Concerning myself, not Hobbits

Channelled by writing

I am told that as a learned man, writing is a habit like a walk after dinner. To keep your brain fit and efficient, against the Alzheimer’s or the superficiality in this pop culture. Thinking takes place just as a albatross gliding over the roof, or a lightning flashing in a corner of the sky.  Never last long or make a difference to the thinker’s life, in most cases. But once the thinker is writing, ideas are flowing through a channel. Or at least, start to flow as a continuum of fluid.

A question occurs to me, at this moment. In what kind of channel should I choose ? Surely one can write down opinions in the most convenient way, in his mother tongue. Since human languages can be so different that an idea feels ugly or awkward or even distorted when delivered in a different language. Perhaps this correlation is the origin of ‘culture shock’. But is there any trouble? Cannot I interpret the ideas from Confucius in a plain, daily-used English to a bank clerk at NDFCU? I am sure I can do this because I am so familiar with the classics of Confucius and his pupils and I am also trained well in English. Maybe the difficulty comes from my understanding into ancient Chinese words in that arcane lines.  But there is surely no barrier between modern Chinese and English once the juicy idea is harvested in the basket of modern mandarin.

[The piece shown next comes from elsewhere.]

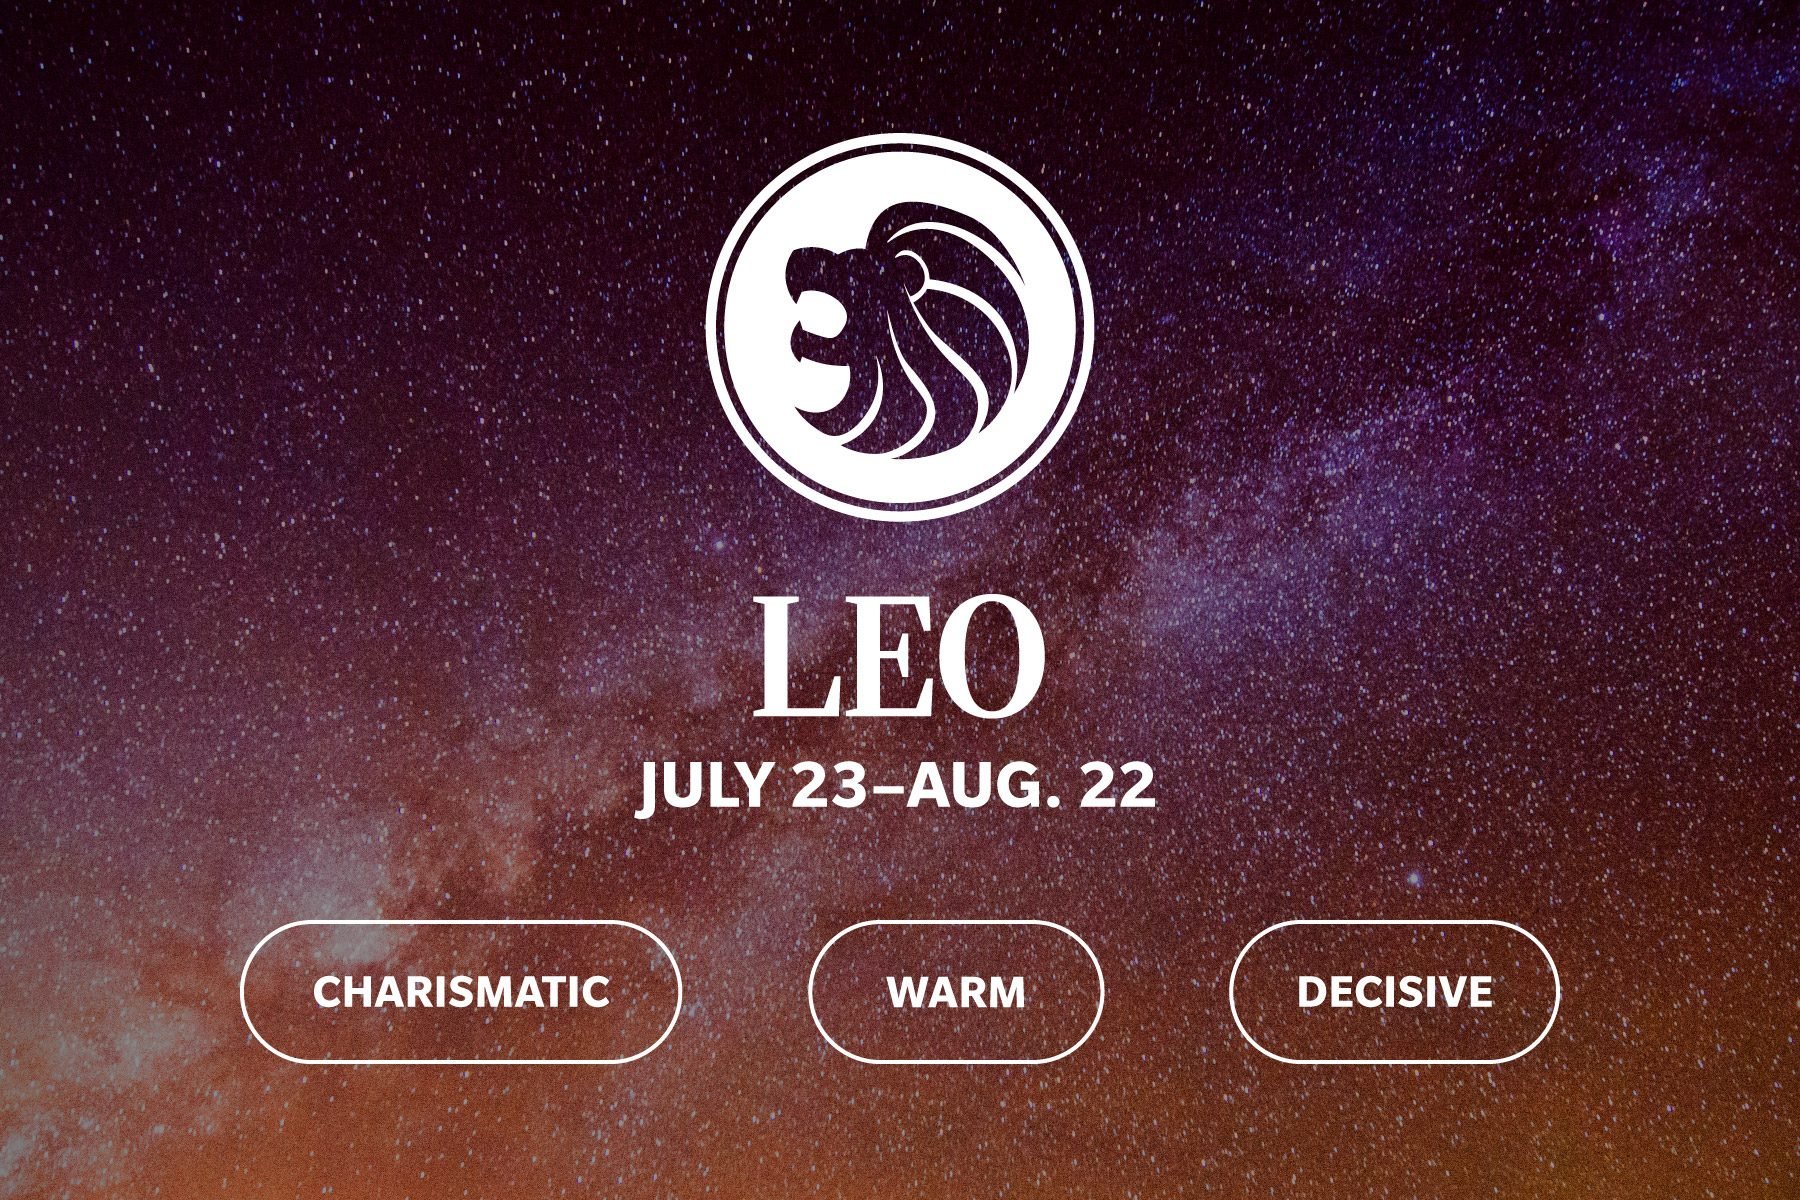 Zodiac sign qualities on galaxy background Leo

So what is the culture shock here anyway? Perhaps the crevice lies between the modern Chinese and traditional Chinese. Or perhaps the meaning of  the lines are totally disfigured in the translated English version. I am not quite sure which is the dominant one. When I read Shakespeare’s works, Allan Poe’s or Pearl Buck’s, the language does not change too much. Shakespeare made some substitution of some verbs and nouns, that is all. The tradition is well preserved. Allan Poe’s magnificent, lavish language shocked me at first. But that is still English, in a way to tell horrible stories in a civilized way. Pearl Buck reads like modern English very much, lacking some buzz words today, though. But Chinese does changed quite a lot. It is still evolving at an astonishing rate today. It is only recent that  I came to know the meaning of Confucius’ lines: ‘Truth does not depart from human nature. If what is regarded as truth departs from human nature, it may not be regarded as truth’ from the translation of Lin Yutang, a great Chinese thinker and excellent English author, as a friend of Pearl Buck. The culture shock, perhaps, does not seem to be important in front of the eternal ‘human nature’. However, disputes and distinctions are still there.

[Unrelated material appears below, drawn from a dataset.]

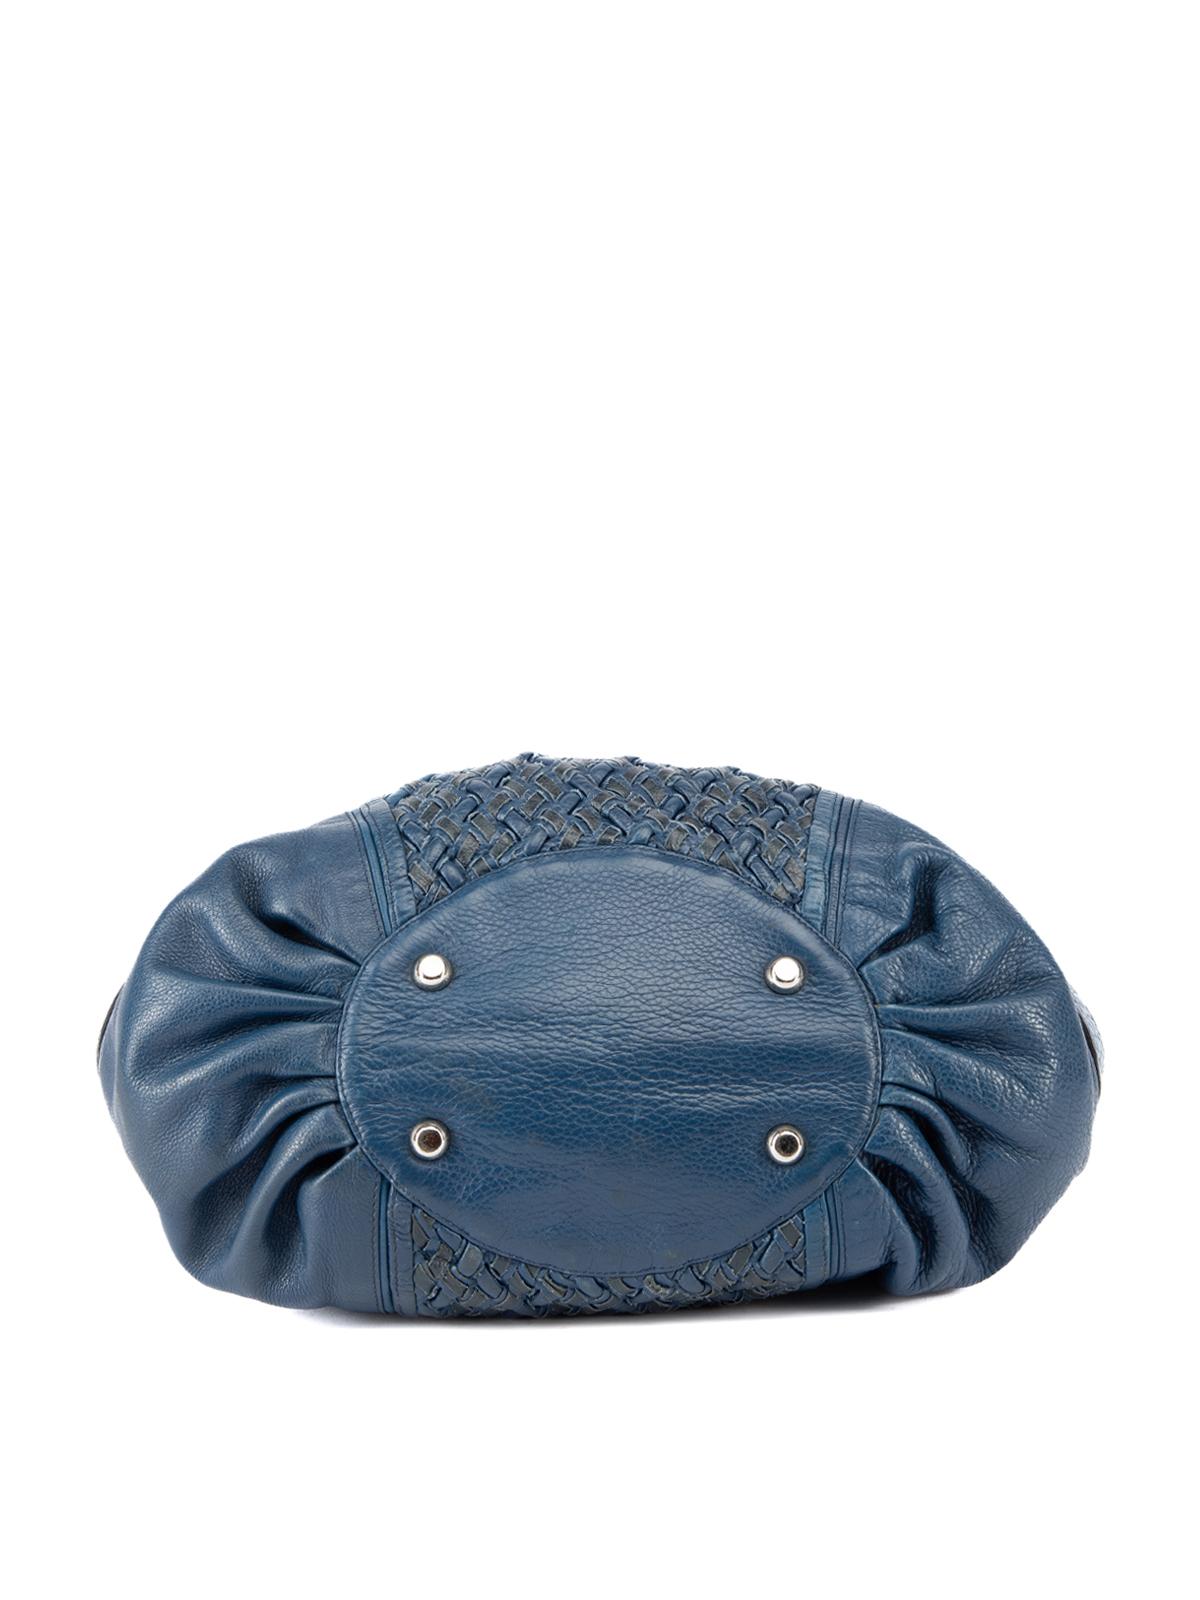 Pre-Loved Zac Posen Women's Blue Leather Woven Shoulder Bag 1

Sometimes I feel like abandoned by two great cultures. Marginally understanding the Chinese classics —- as only several popular quotes from Lao Tzu or Confucius, while still getting handicapped in expressing myself in English —- even a simple thank you email needs a half an hour to polish. When I take a look back at the essays written in my blog before, both in Chinese and English. I feel really flattered by the grades given by teachers at that time or embarrassed by my confidence. The things are written was worth to read but not quite worth to remember. Perhaps it is not the worst. I may not even know to think now. Critical thinking and logical derivations are quite well embraced in western side of globe, but the vivid, picturesque oriental imagination and inspiration is also a great intrigue.

Nowadays, it seems that asking which sort of channel is out of question. English becomes the dominant global technical and business language and even take the lead of the modern pop culture. To be a good English writer is a basis for professional success. Ambition is fulfilled by mastering this language to usher opinions formally and systematically. Aesthetic values may be put aside, since nobody from the other shore of Pacific can write so beautiful English as Lin Yutang.

But I am still trying to find a shelter for my ideas, in this second language. Perhaps in my own style, free from being broken or awkward.